What you can test with Browserbase

Templates

Templates to get you started

Frequently Asked Questions

What is end-to-end testing?

End-to-end testing simulates real user behavior across a full application, from the browser to the backend and back. Unlike unit tests that check a single function or integration tests that check a few components together, end-to-end tests run the application the way a customer would use it: clicking, typing, and navigating through complete workflows.

How is end-to-end testing different from integration testing?

Integration testing checks that a few components work together, often without a real browser or full backend. End-to-end testing exercises the entire stack, from the rendered UI all the way through APIs, databases, and third-party services. End-to-end tests catch bugs that integration tests miss, especially issues with browser rendering, network timing, and real user journeys.

What are the best tools for end-to-end testing?

Playwright, Puppeteer, Cypress, and Selenium are the most widely used end-to-end testing frameworks. Browserbase works with Playwright, Puppeteer, and Selenium today through a standard CDP connection, so you can keep your existing test code and run it on cloud browsers with no rewrite.

Can I run my existing Playwright or Puppeteer tests on Browserbase?

Yes. Browserbase exposes a standard Chrome DevTools Protocol endpoint, so you can connect your Playwright, Puppeteer, or Selenium scripts in a few lines of code.

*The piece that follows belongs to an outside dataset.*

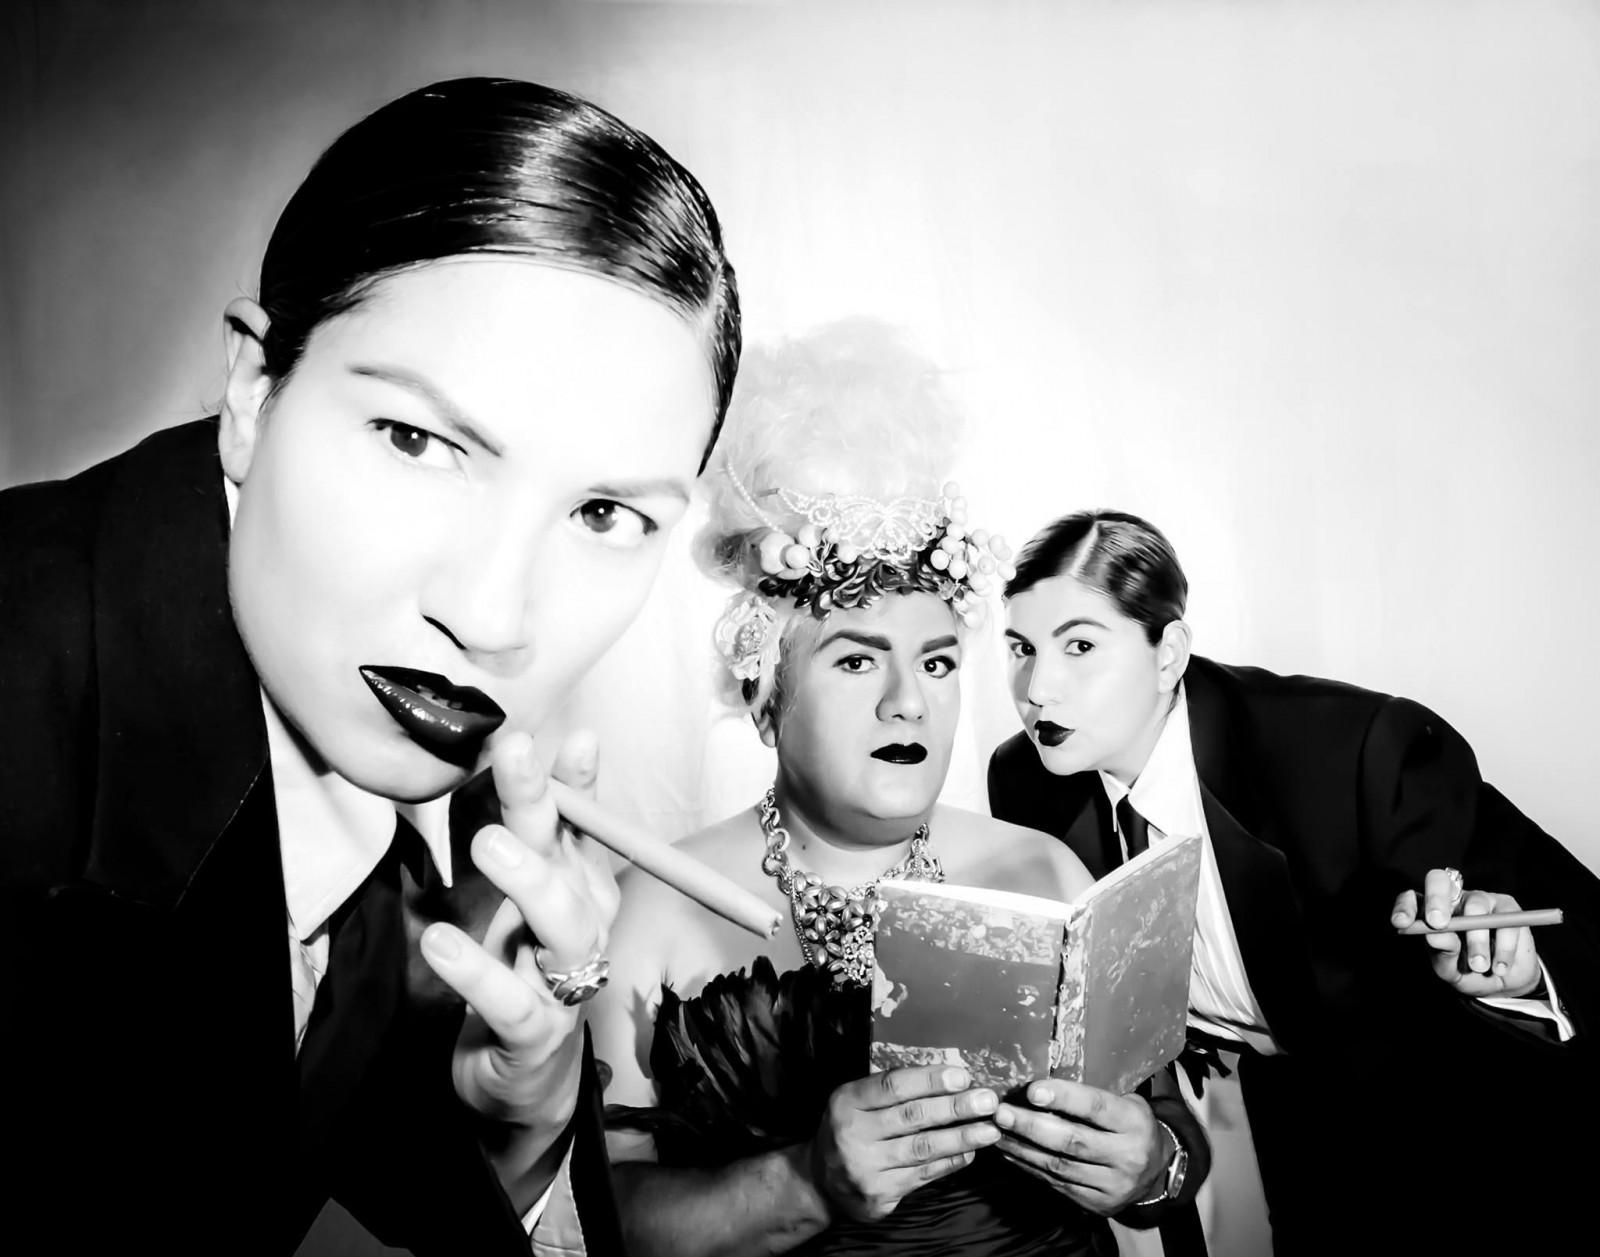 Cuellar (center) photographed by Kristel Puente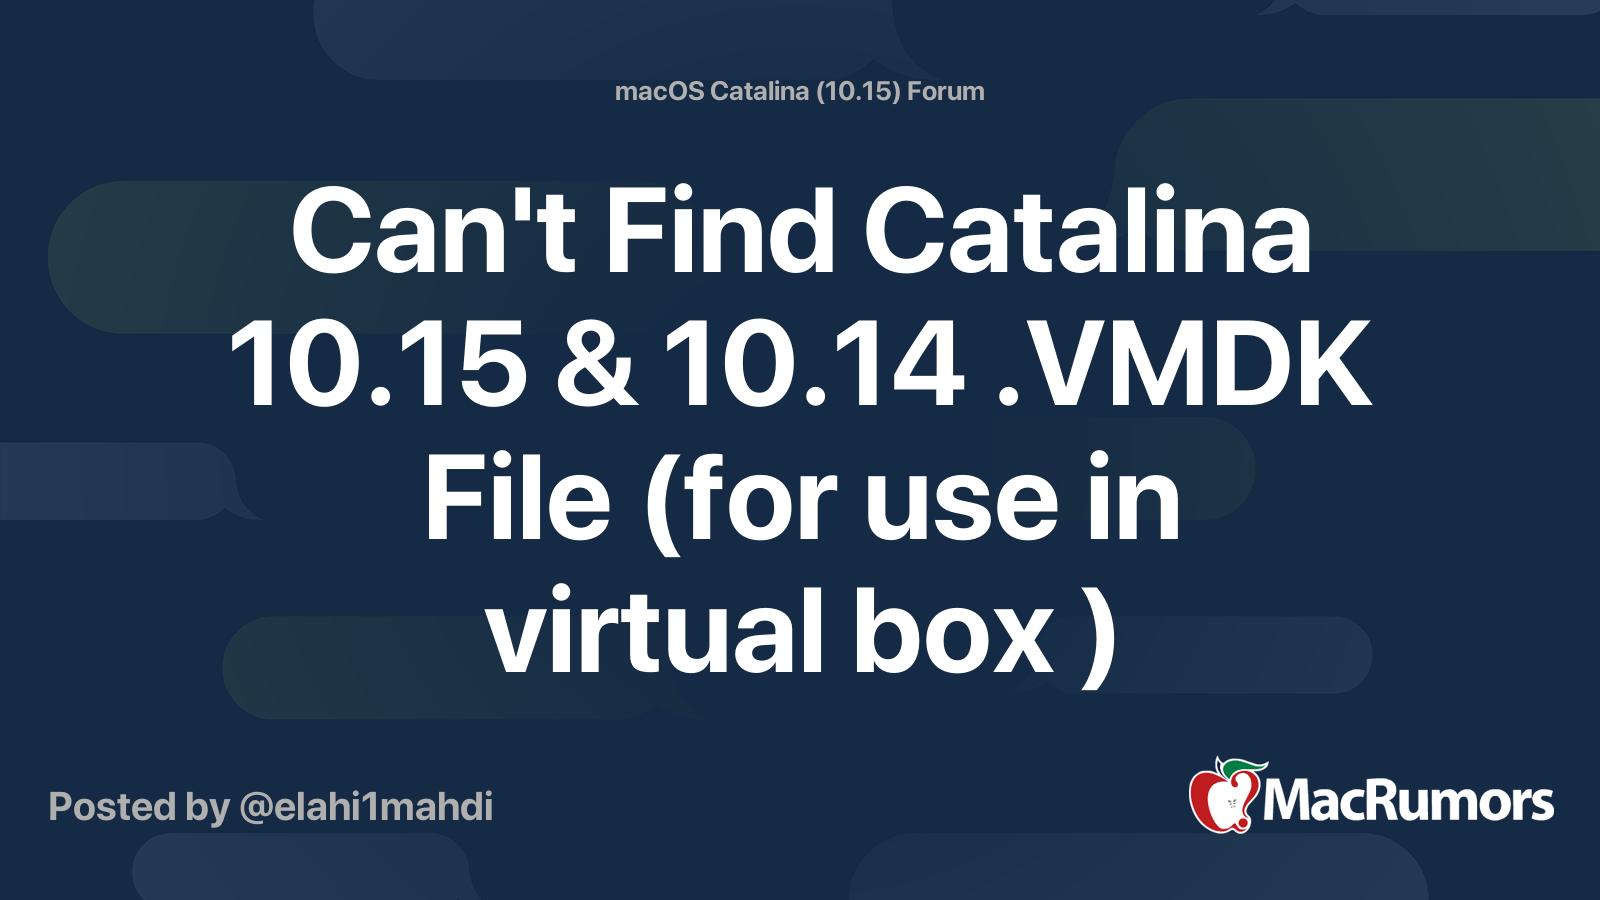 Mac Os Catalina Vmdk File Download

Most teams swap their local browser launch for a Browserbase session and ship to production within a day.

How does Browserbase help with flaky tests?

Every Browserbase session is recorded as a full video and DOM replay. When a test flakes, you can replay the exact session, inspect the DOM at any point, and see precisely what the browser saw. That removes the guesswork and turns flake triage into a five-minute task instead of a half-day investigation.

How many tests can I run in parallel?

Browserbase scales on demand. Free and starter plans support a small pool of concurrent browsers, and Scale plans run hundreds of parallel sessions for large CI pipelines. Check the pricing page for current concurrency limits per plan.

What will you build?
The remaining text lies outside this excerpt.